7. Bölüm

13 3 30
                                    

Saatlerdir ev arıyorduk ama bir türlü istediğimiz evi bulamamıştık. Bize kütüphane yapabileceğimi büyük bir oda lazımdı ve bunun için gösterilen evler malikaneydi. İki kişiyiz koskoca malikaneyi ne yapalım?

"Akel bence ilk baktığımız eblerden birini seçelim."

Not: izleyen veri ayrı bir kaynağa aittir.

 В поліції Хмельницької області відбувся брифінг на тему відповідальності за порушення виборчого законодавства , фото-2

"Oraya kütüphane yapamayız."

"Kütüphane yapmayalım o zaman. Boşver gitsin Akel."

"Hayır."

"Ne inatçı çıktın sende."

Omuz silktim ve emlakçının bizi getirdiği son eve girdim. Ruhe de peşimden. Evin her yeri diğer evlerdeki gibi güzeldi ama istediğimiz büyüklükte bir odası yoktu yine. Pekala o zaman geriye tek bir seçenek kalıyor ama Ruhe kabul eder mi bilemiyorum. Emlakçıya olmadığını söyledik ve artık ev kalmadığından arabaya binip yola koyulduk. Ruhe kendini kötü hissedip duruyordu. Ne gerek vardı ki kendini suçlamaya? Son seçeneğe gittim ve evin önünde durdum. Ruhe yol boyunca dalgın olduğu için farketmemişti bile.

"Geldik Ruhe."

"Ne kadar çabuk?" bir saattir yoldaydık ama neyse.

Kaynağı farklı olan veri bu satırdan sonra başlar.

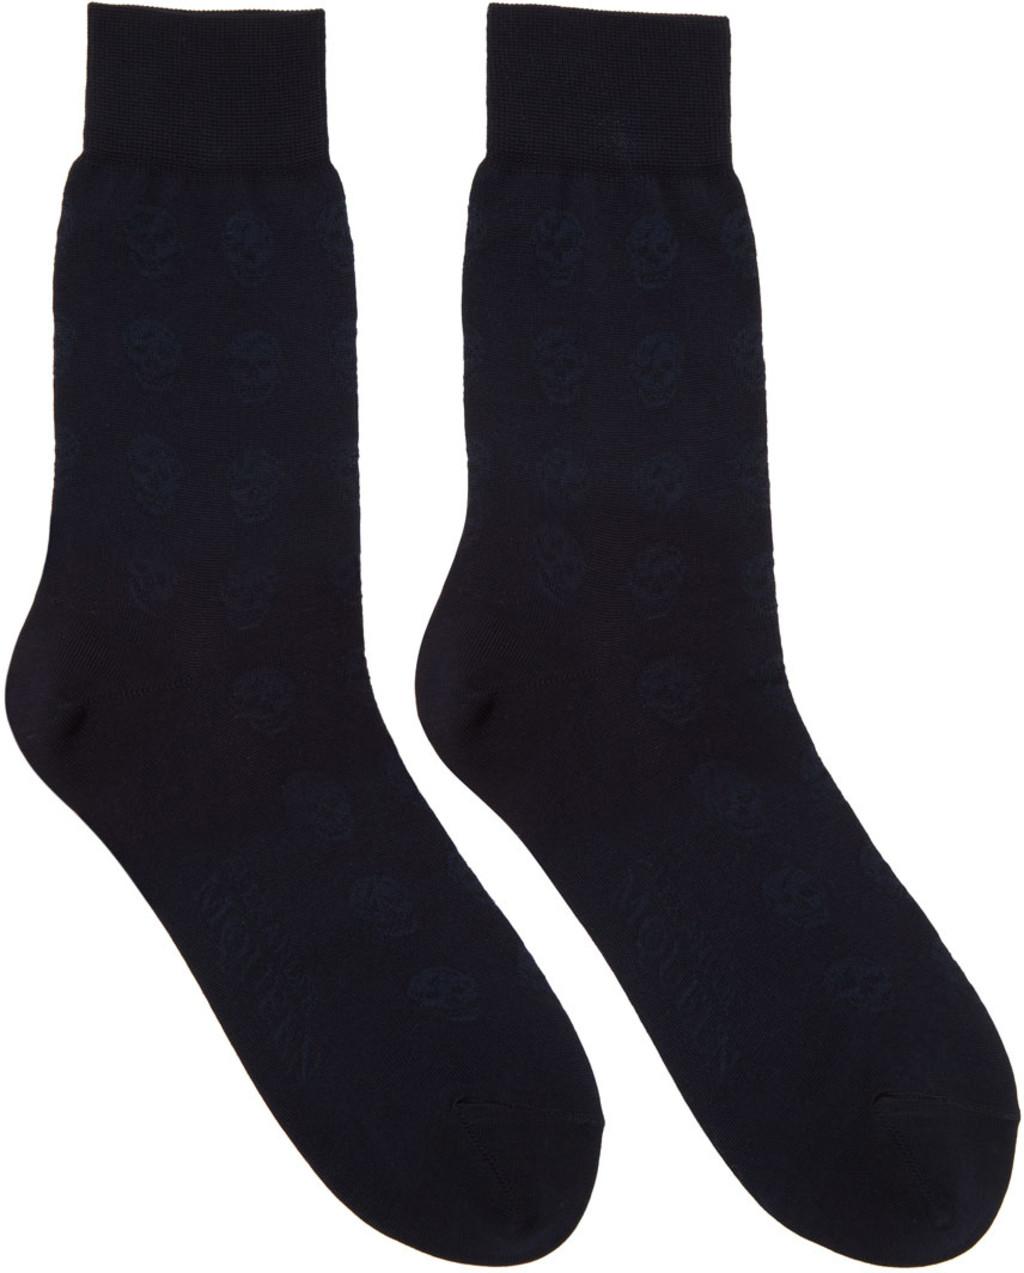 Prix Incroyable Vente En Ligne Alexander McQueen Skull argyle socks Eastbay Réel Pas Cher Livraison Gratuite Ebay KKFuqf6

"Hadi gel." arabadan indi ve yanıma geldi.

"Akel burası benim evim değil."

"Günaydın. Sabahtan beri dalgın dalgın bakınıyordun seni nereye getirdiğimi bile görmedin."

"Burası neresi?"

"Bak kabul eder misin ya da bana güvenir misin bilmiyorum ama son seçenek olarak aklıma burası geldi."

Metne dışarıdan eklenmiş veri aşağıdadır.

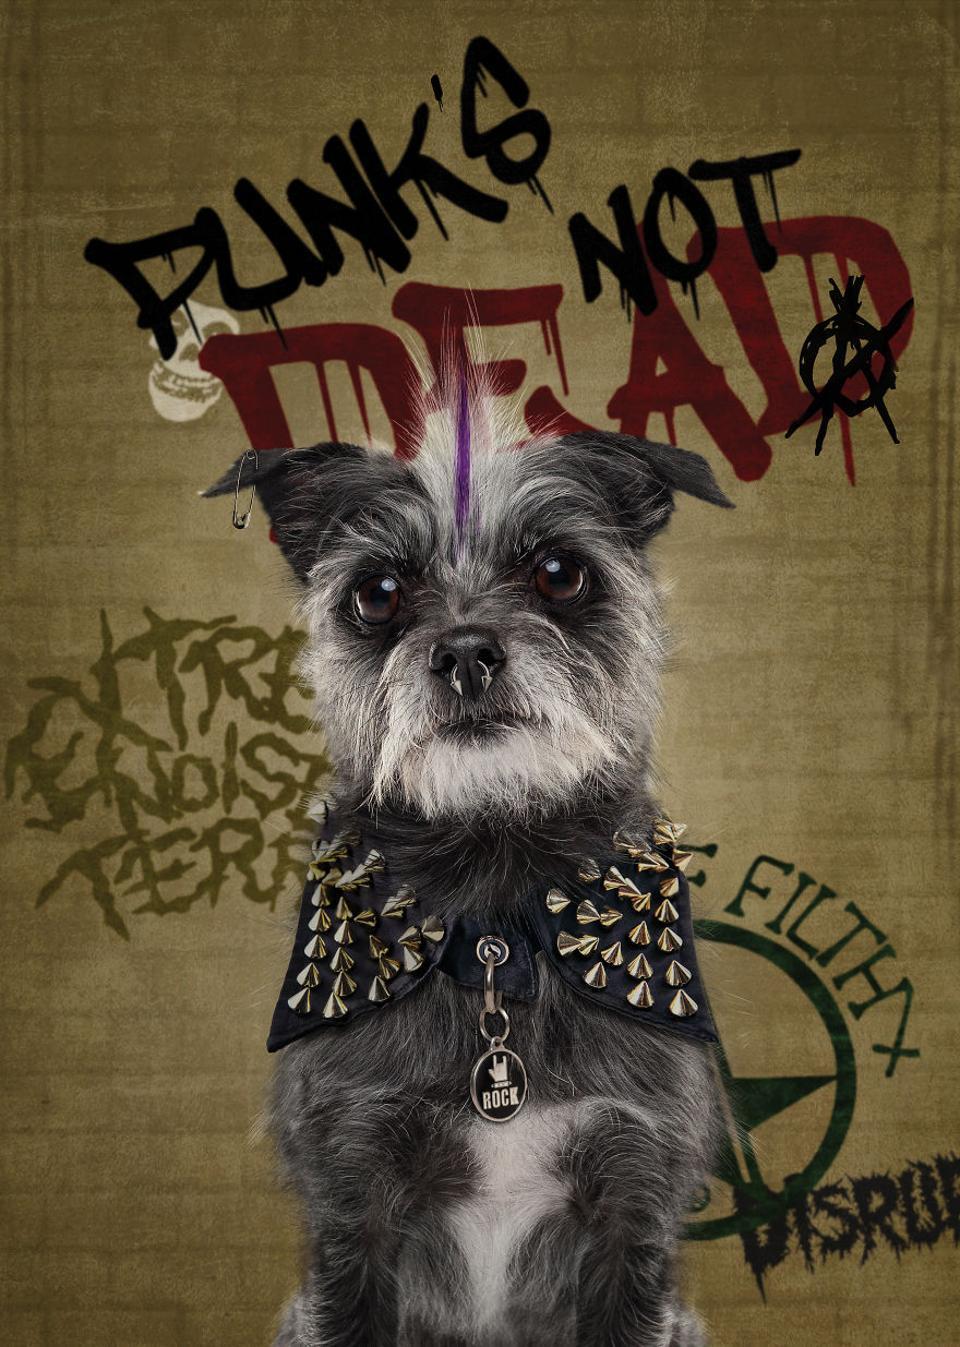 A dog as a punk

"Neden kabul etmem ve güvenle ne alakası var?" tepkisini kestiremiyordum ama söylemem gerekiyordu.

"Burası benim annemlerden ayrıldığım zaman kaldığım bekar evim. Kabul edersen burası olur etmezsen de üç haftamız var daha." donuk donuk bana baktı sonra da gülmeye başladı. Bu tepkiyi beklemiyordum. Kendini zar zor durdurup gözlerime baktı.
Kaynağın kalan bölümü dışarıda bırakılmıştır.